Information supplied below:

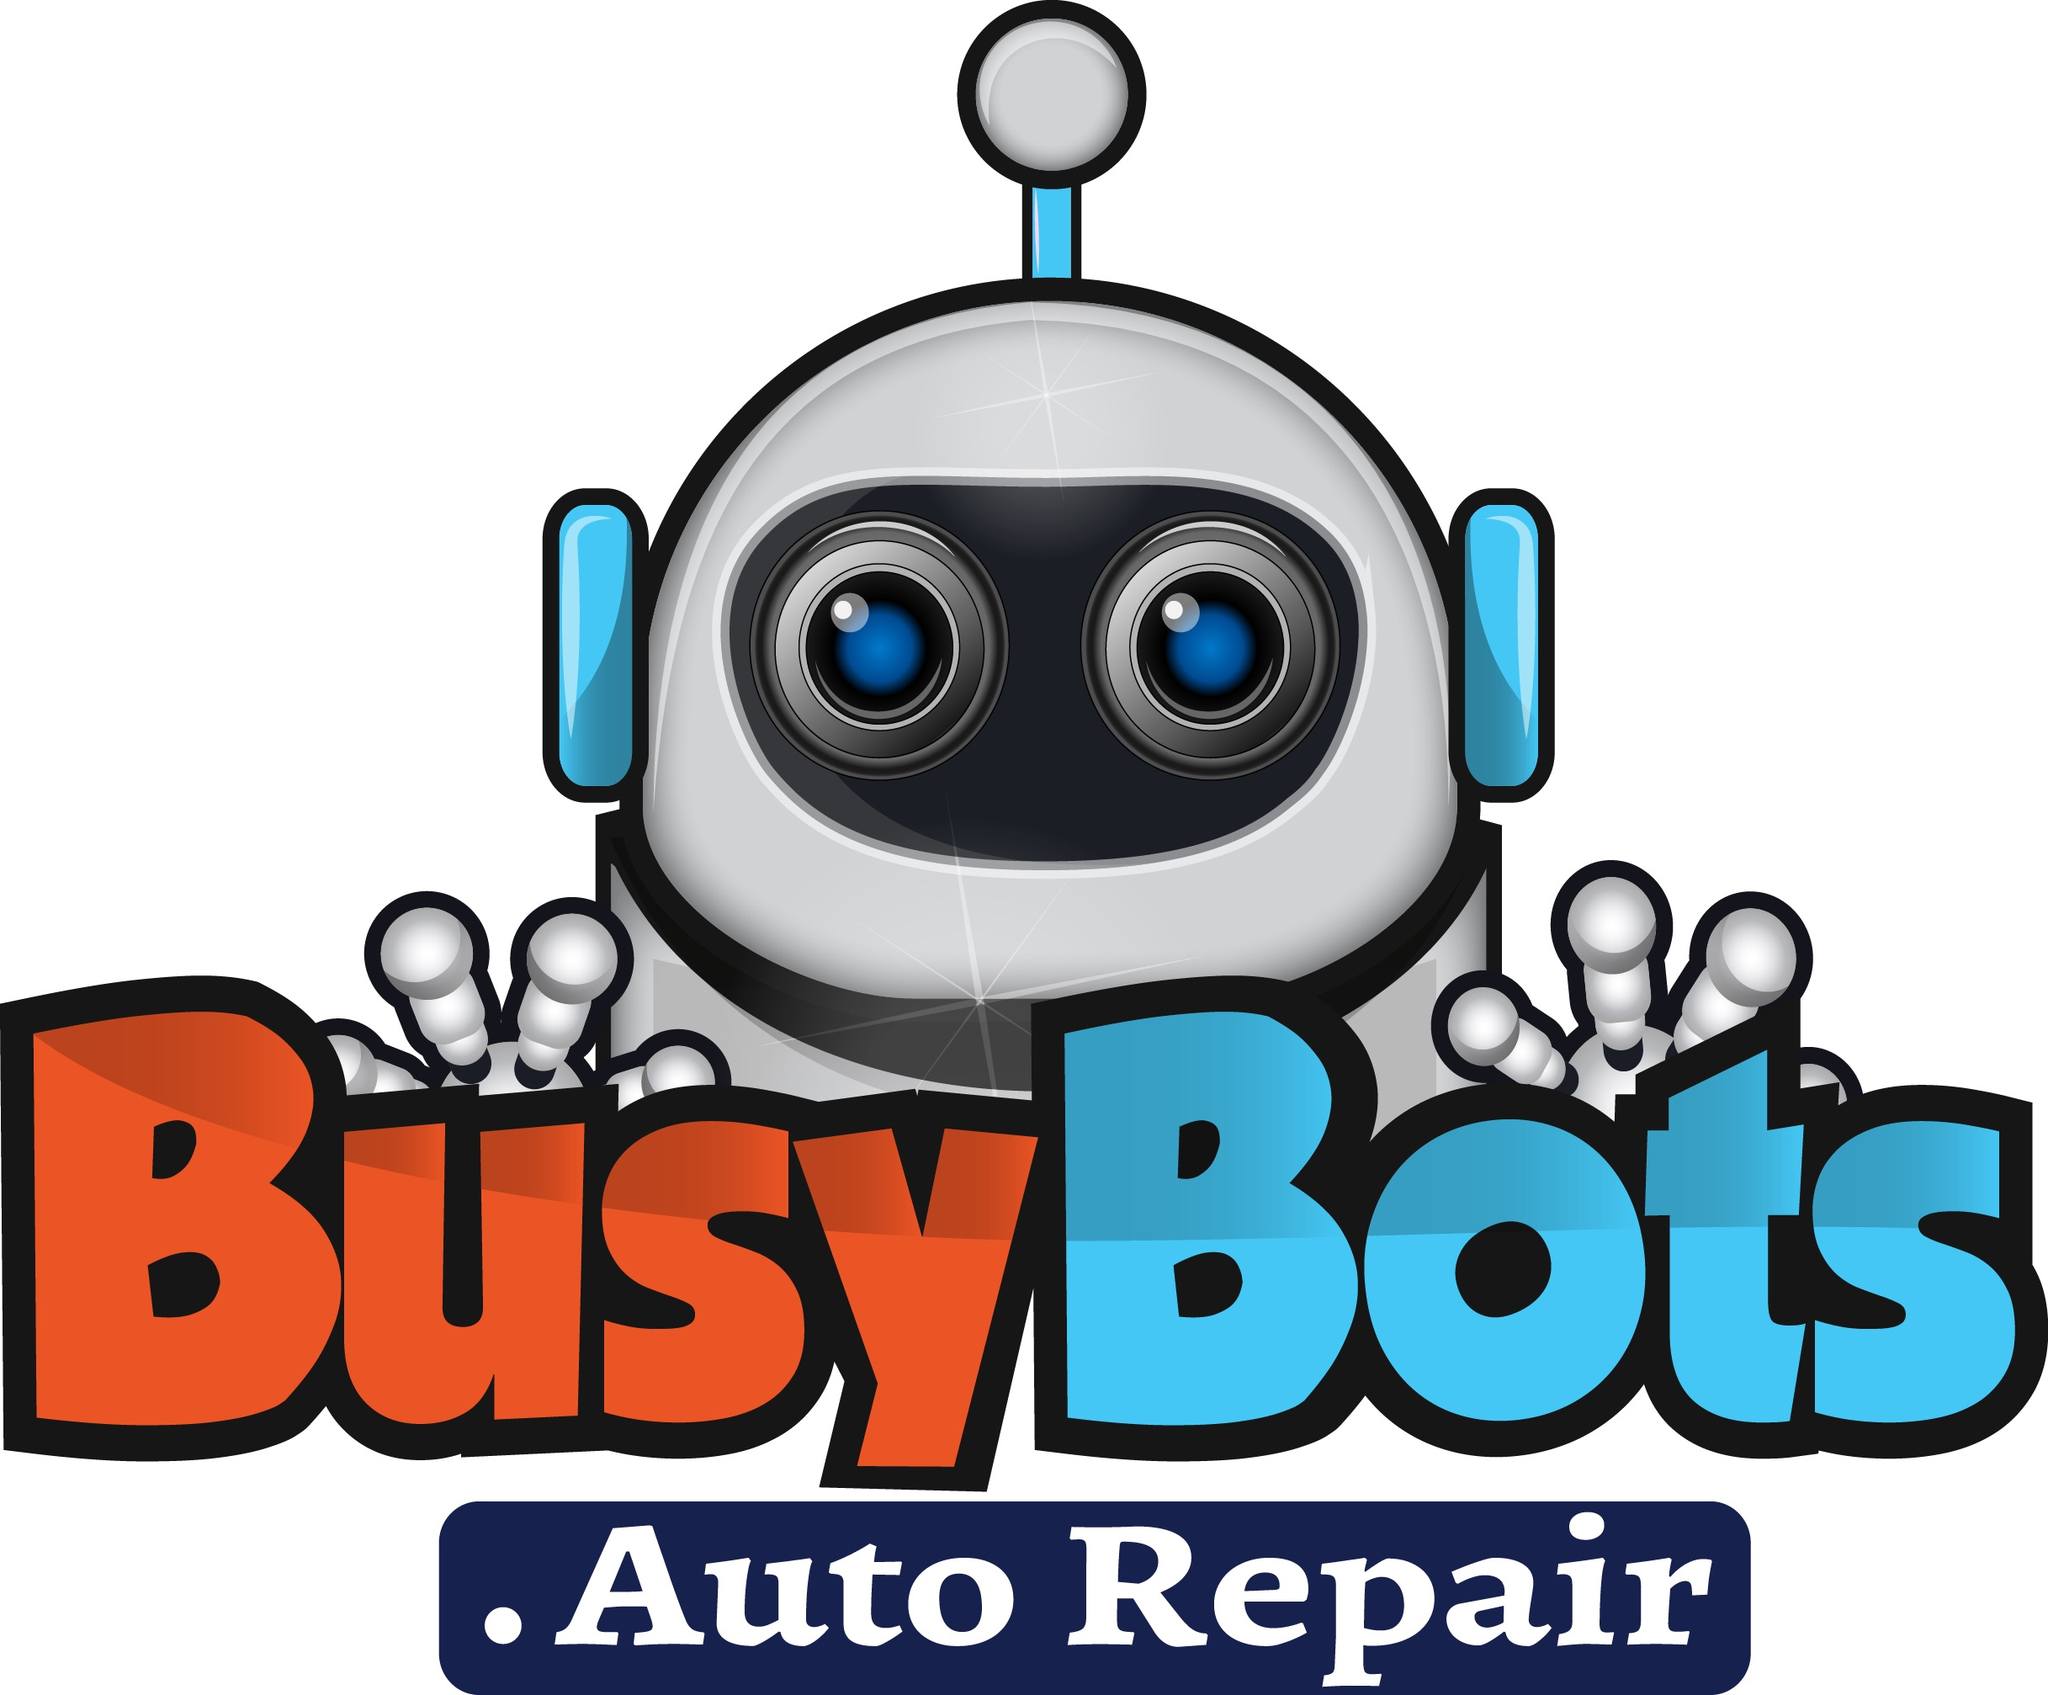 Busy Bots Auto
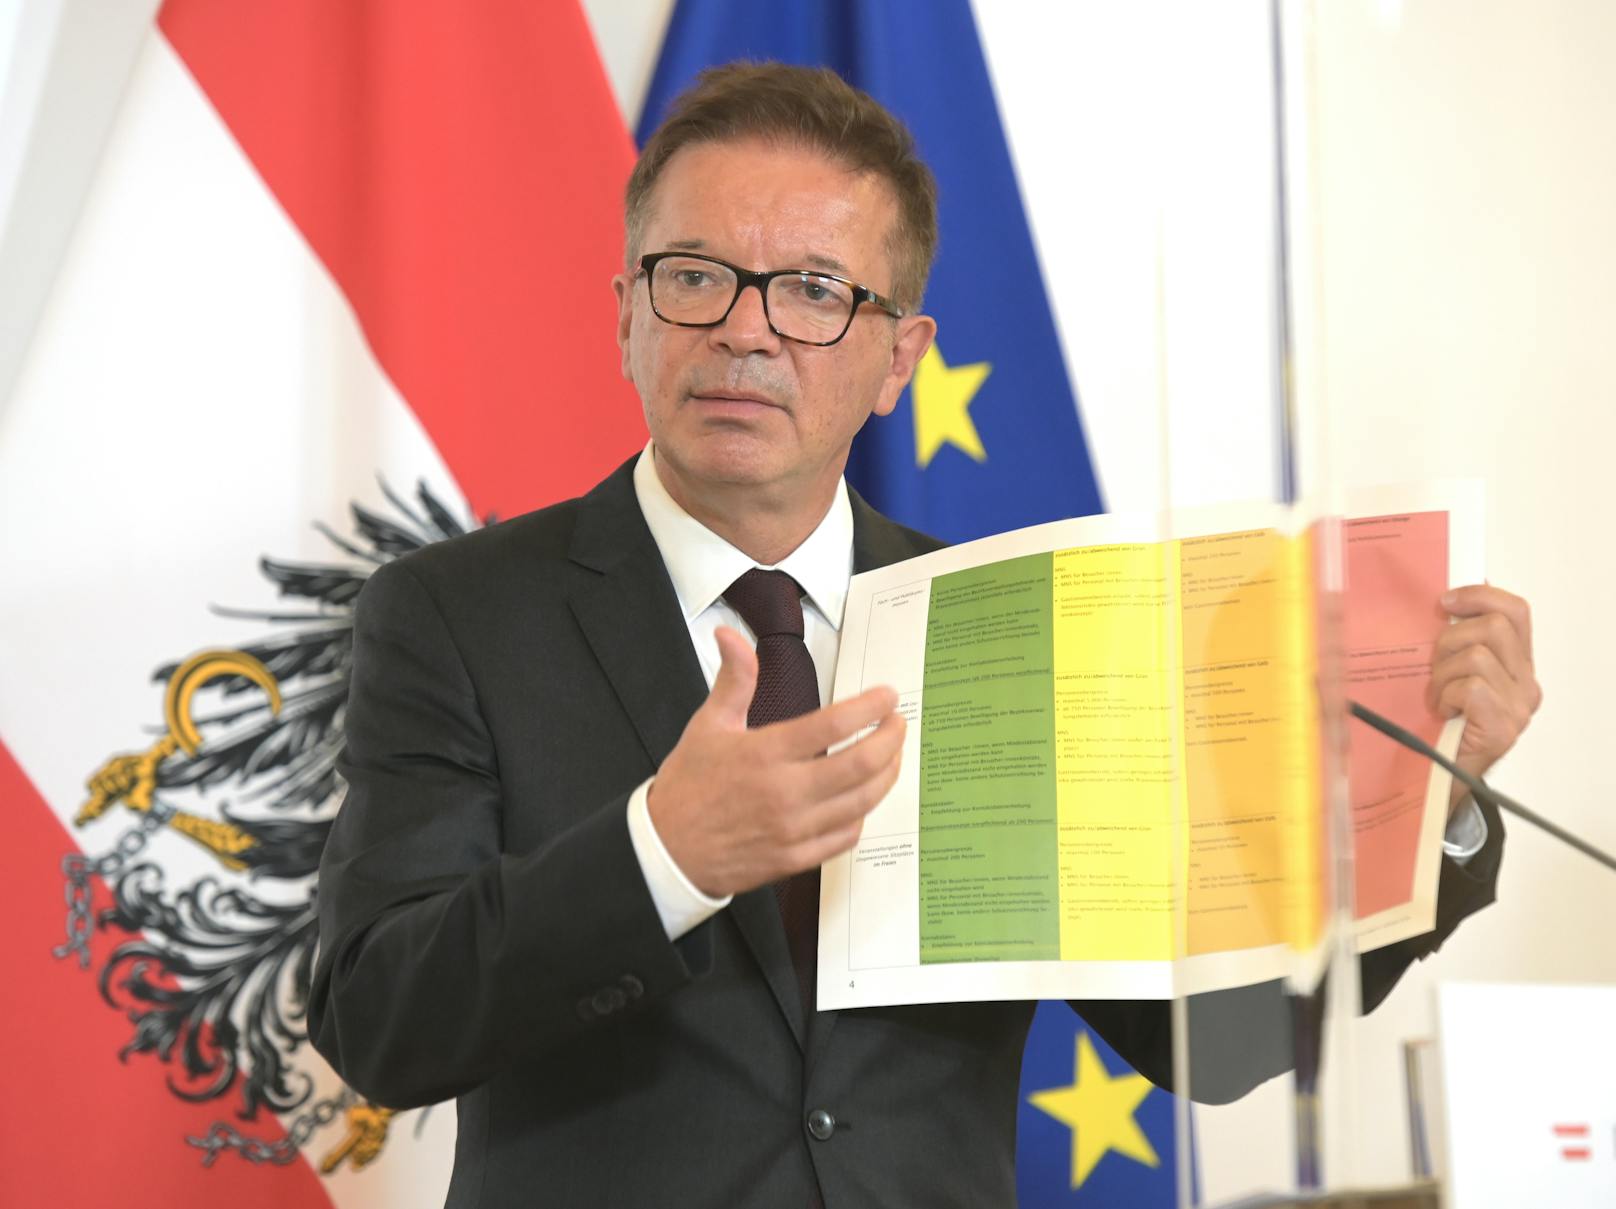 Gesundheitsminister Rudolf Anschober (Grüne) bei der Präsentation der Corona-Ampel am 4. September 2020
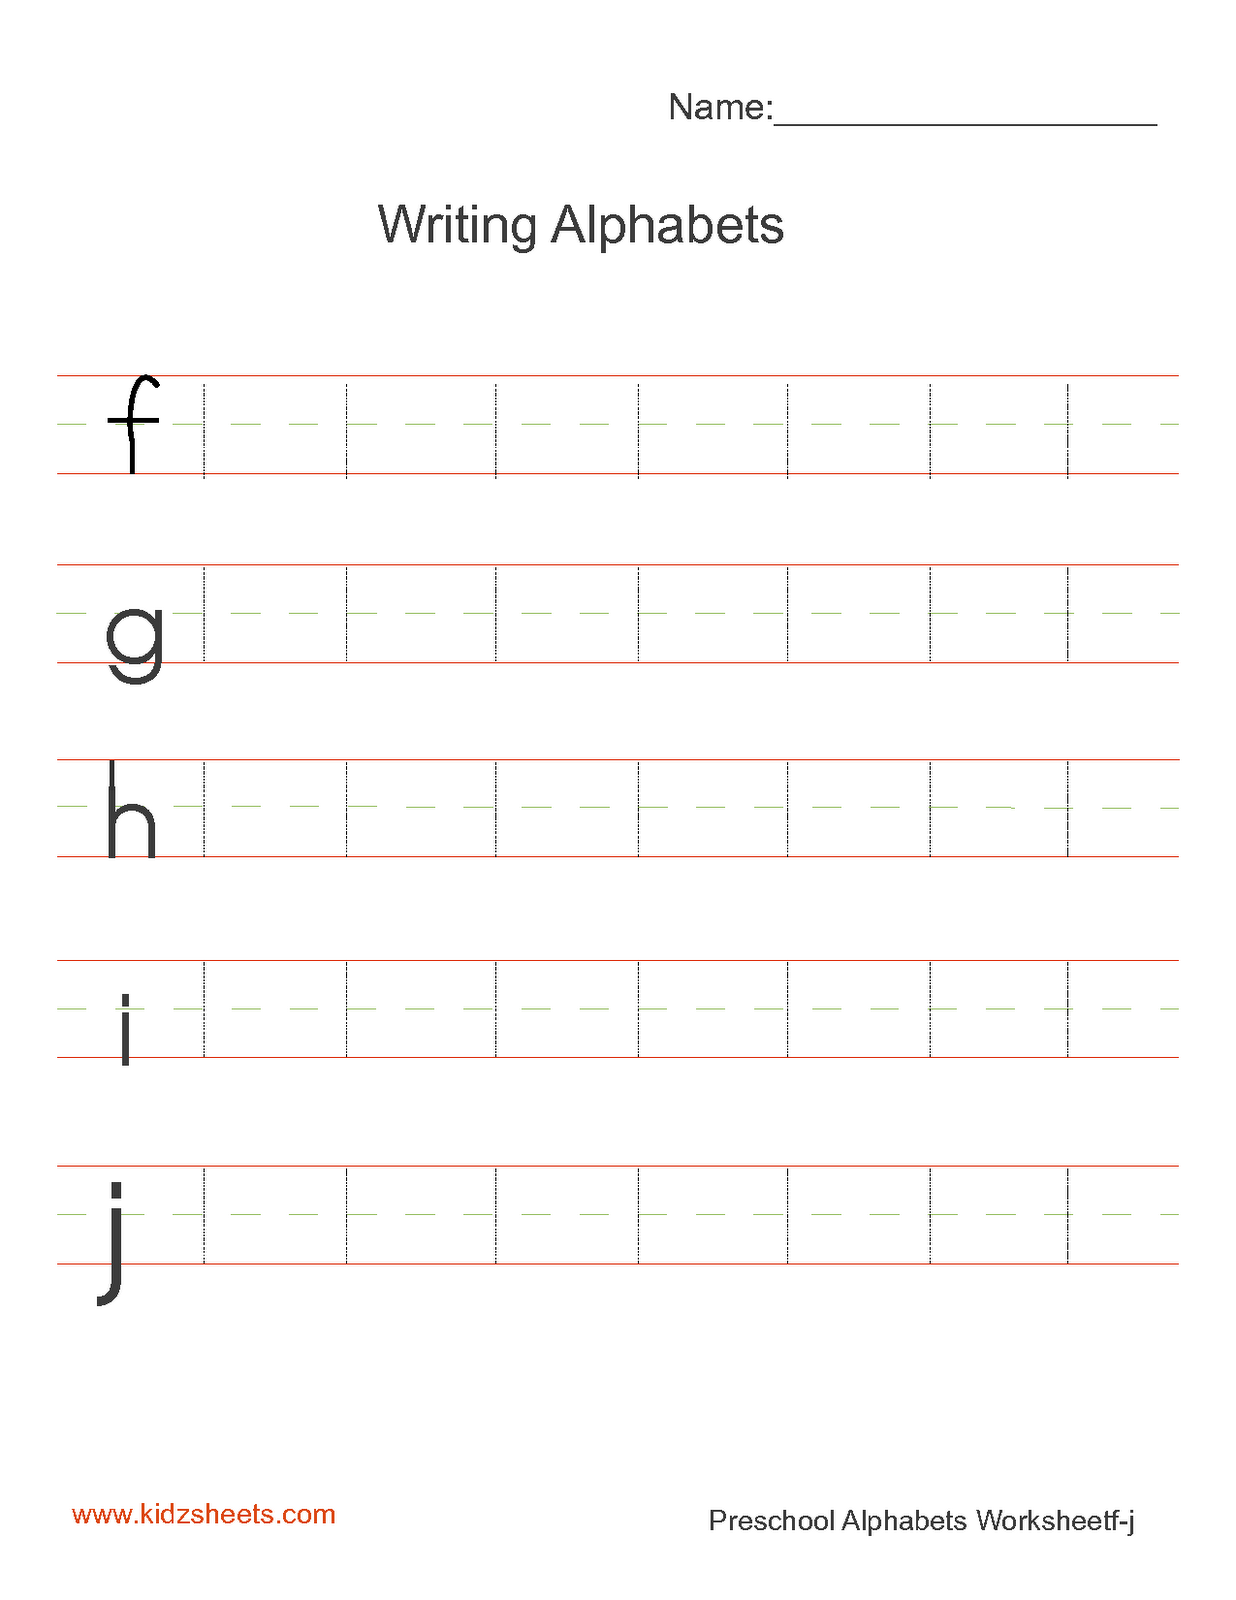 Writing Lower Case Alphabets Image
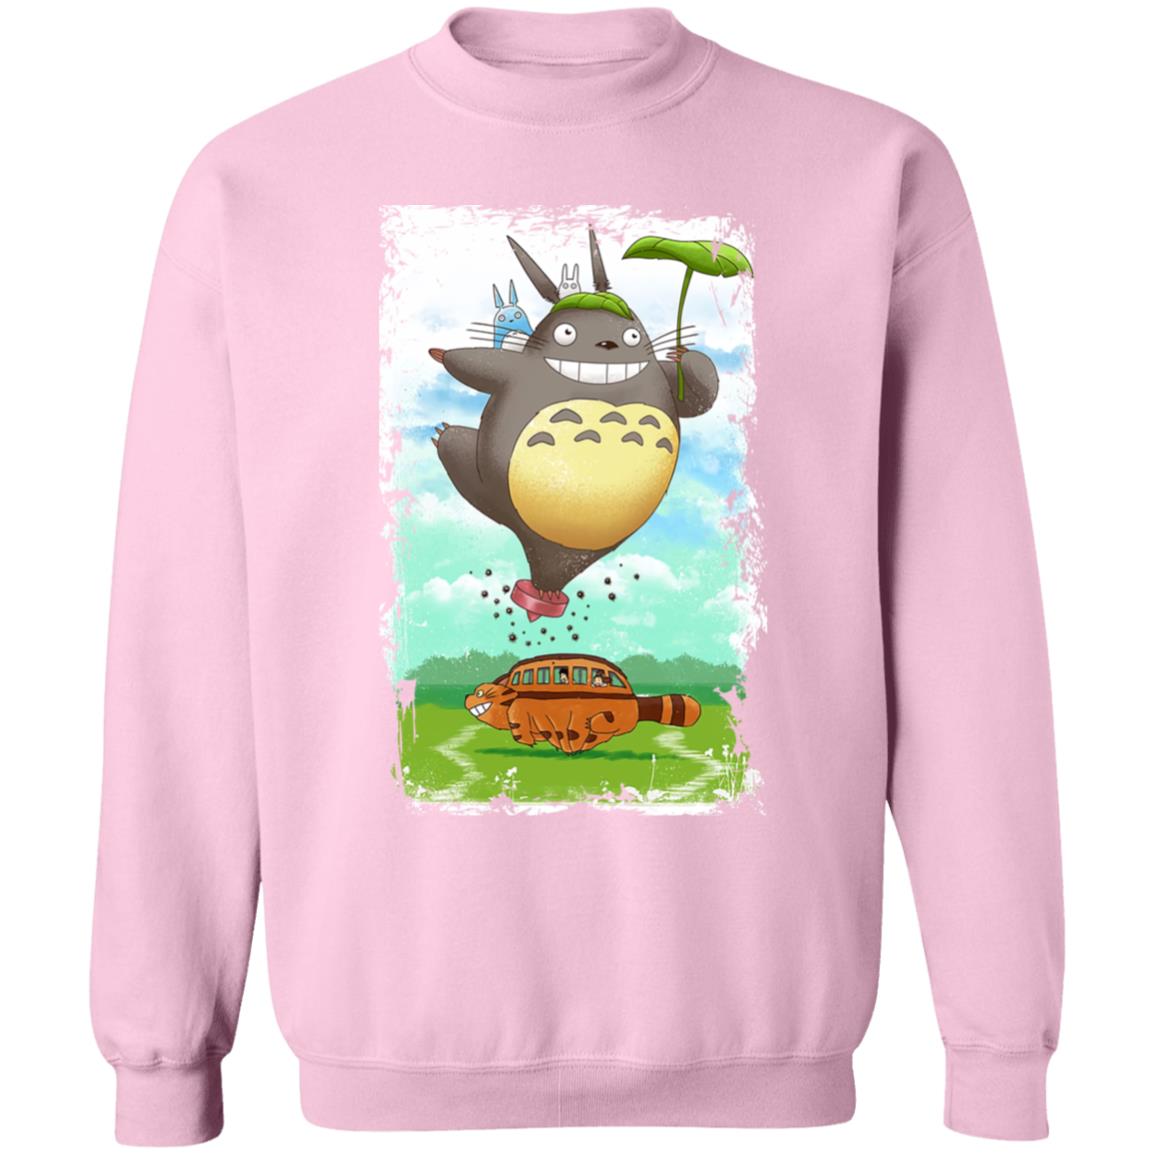 Totoro the Funny Neighbor Sweatshirt Ghibli Store ghibli.store

End of Information supplied.

■ Required action
Output the listing exactly, pictures excluded.

■ Answer to the exercise
 Busy Bots Auto
 Gesundheitsminister Rudolf Anschober (Grüne) bei der Präsentation der Corona-Ampel am 4. September 2020
 Writing Lower Case Alphabets Image
 Totoro the Funny Neighbor Sweatshirt Ghibli Store ghibli.store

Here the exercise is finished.